Matter Value
In the studio, students develop proposals for the adaptive reuse of the Donuimun Museum Village in Seoul, Korea. The projects explore a combination of retaining historic buildings, providing work and retail spaces, and designing a new form of civic space that promotes experience and awareness of ecology within the urban environment.
The site was initially part of the old city walls of Seoul, known as Donuimun (which translates to "Gate of the East"). It was historically a residential area with traditional Korean architecture, but it underwent significant changes over the decades due to modernization and urban development. In the early 2000s, as Seoul was rapidly transforming, there was a growing interest in preserving parts of its historical and cultural heritage.
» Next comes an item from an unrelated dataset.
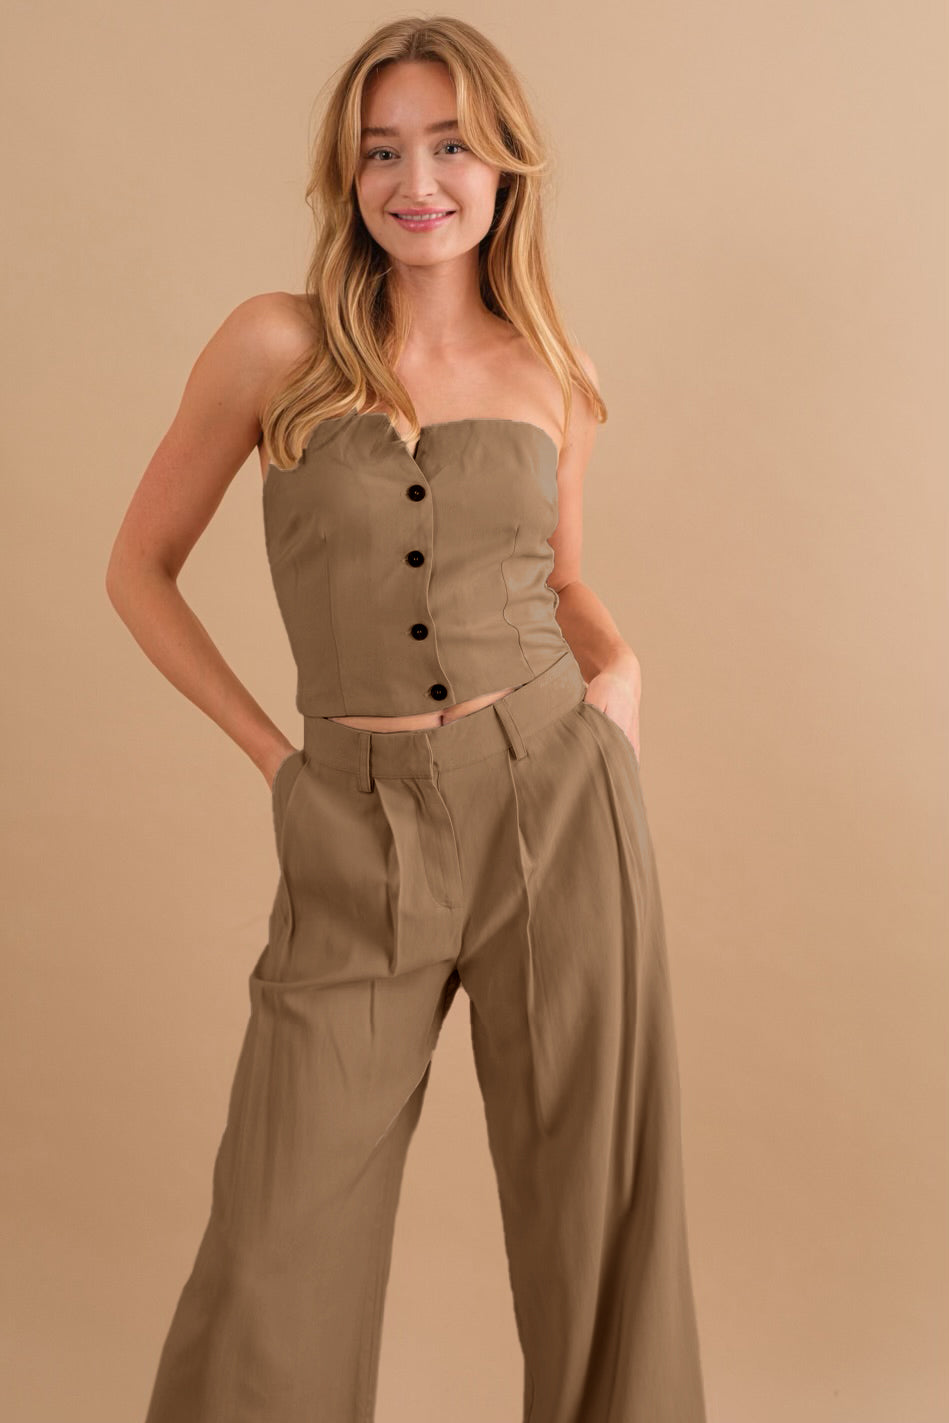 A model wearing a two piece strapless top and pant set against a tan wall .

The Seoul Metropolitan Government is developing proposals to radically redesign the adjacent Gyeonghui Palace due to the reported visitor numbers of 1500 per day, which is very low compared to 57,430 people per day in Gyeongbokgung Palace and 28,150 people in Deoksugung Palace. The city's response is to overhaul the site, offering extensive new civic space and new forms of pedestrian access across the hillside topology. The masterplan suggests that the Donuimun Museum Village is to be demolished and absorbed into the new civic space in the form of walkways and parks. Not only does this erase the remaining significant historic structures on the site, but it raises questions about the environmental and economic wastefulness of demolishing an area that was only redeveloped less than a decade ago for $25 Million USD.